## Exercise brief
Repeat all the lines below exactly, but omit the pictures.

-------- Collected material

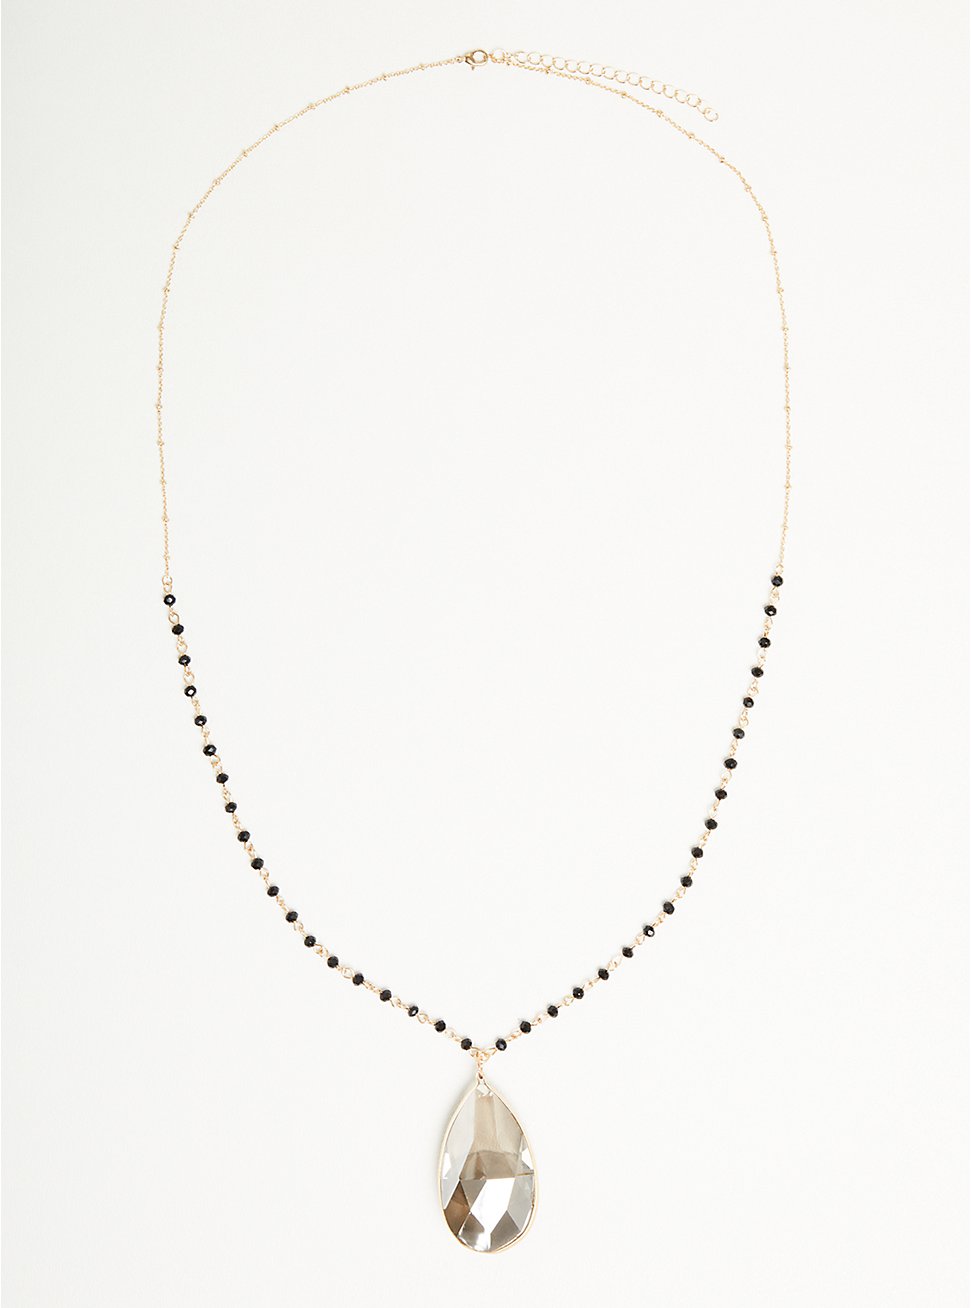 Plus Size Beaded Chain Teardrop Pendant Necklace - Gold Tone & Black Stone, , hi-res
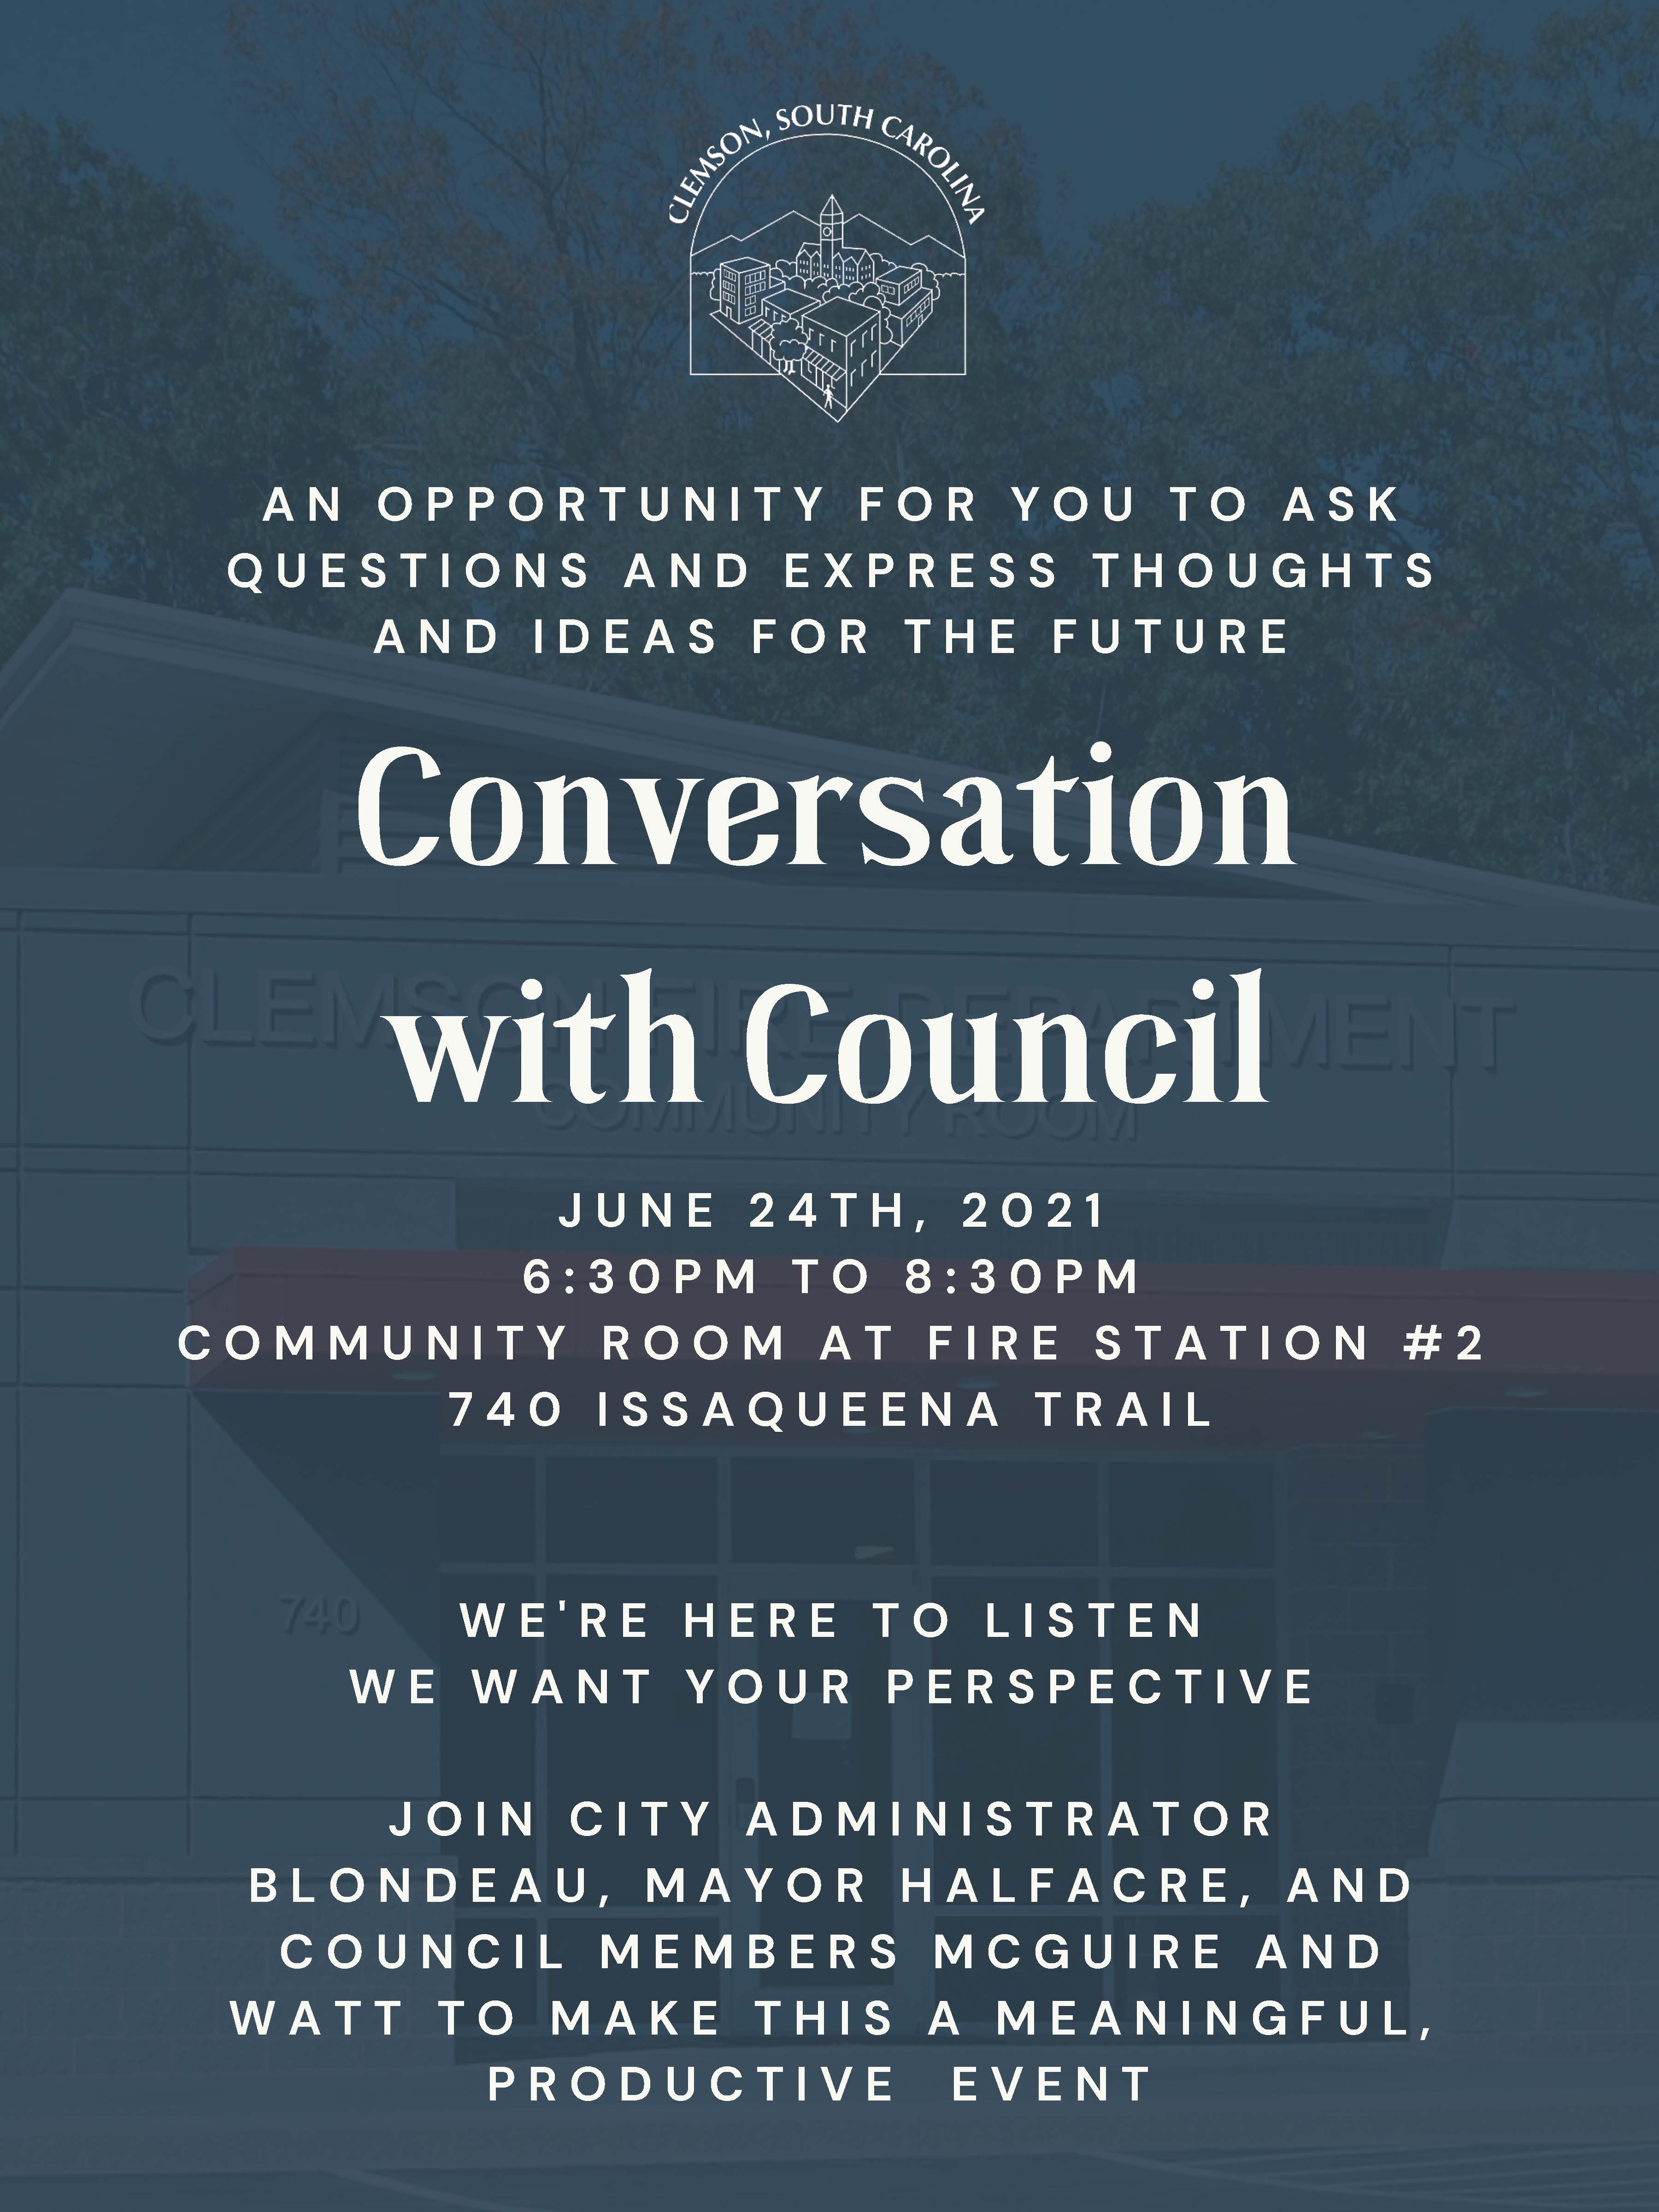 Conversations with Council June 24, 2021 City of Clemson South Carolina
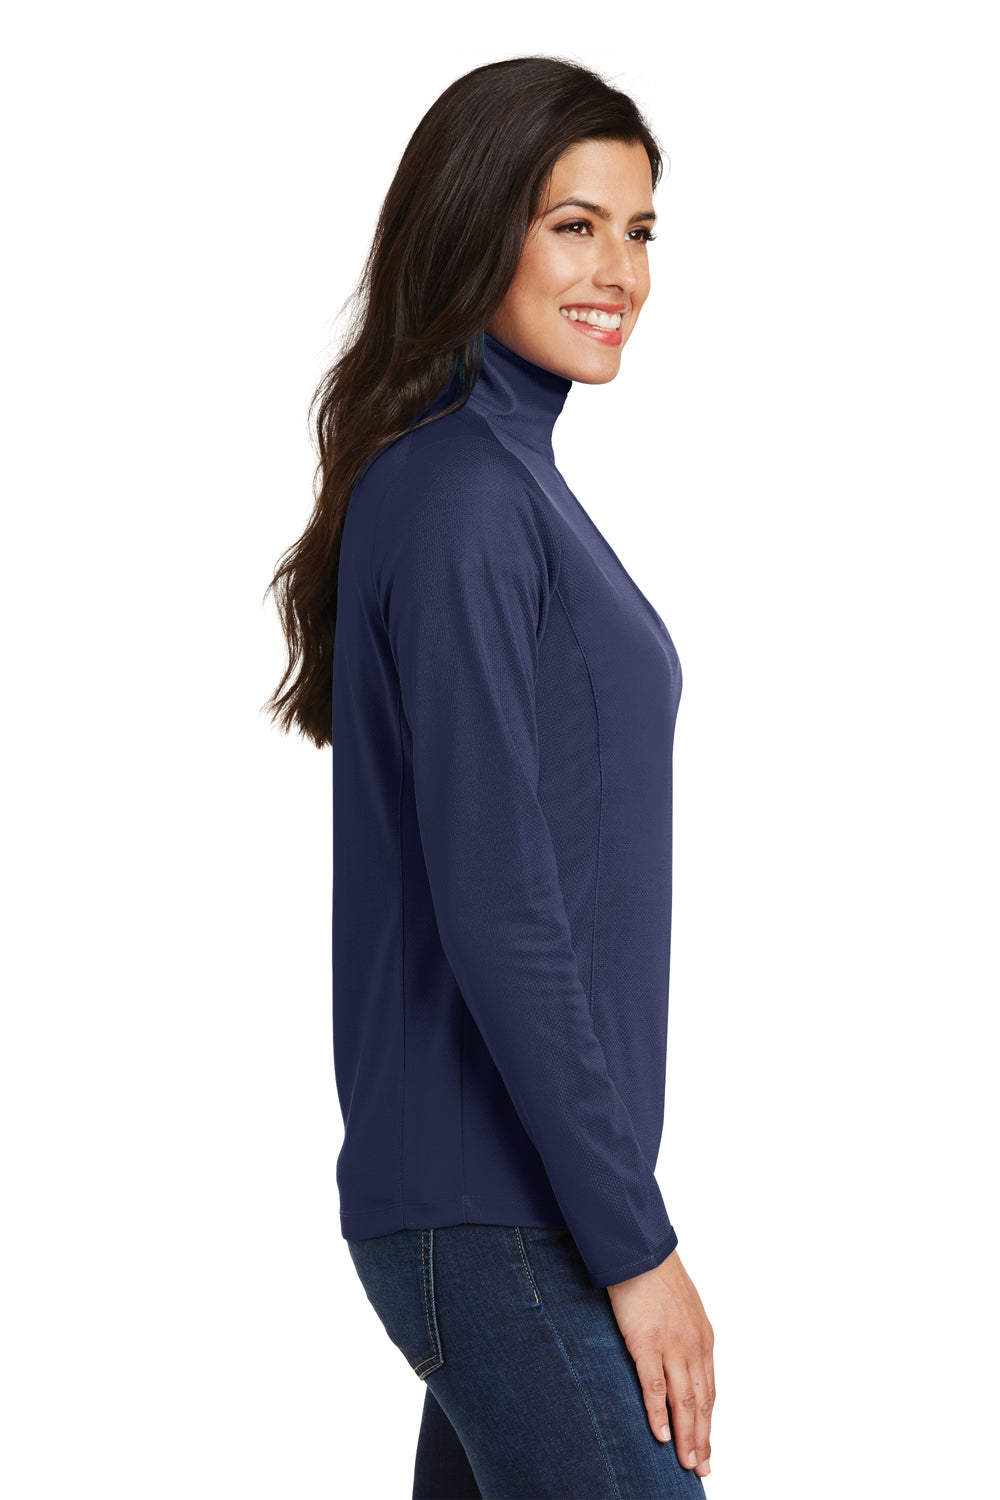 Port Authority L806 Womens Moisture Wicking 1/4 Zip Sweatshirt Navy Blue Side

----------------

## Answer to the problem
 Plus Size Beaded Chain Teardrop Pendant Necklace - Gold Tone & Black Stone, , hi-res
 Conversations with Council June 24, 2021 City of Clemson South Carolina
 Port Authority L806 Womens Moisture Wicking 1/4 Zip Sweatshirt Navy Blue Side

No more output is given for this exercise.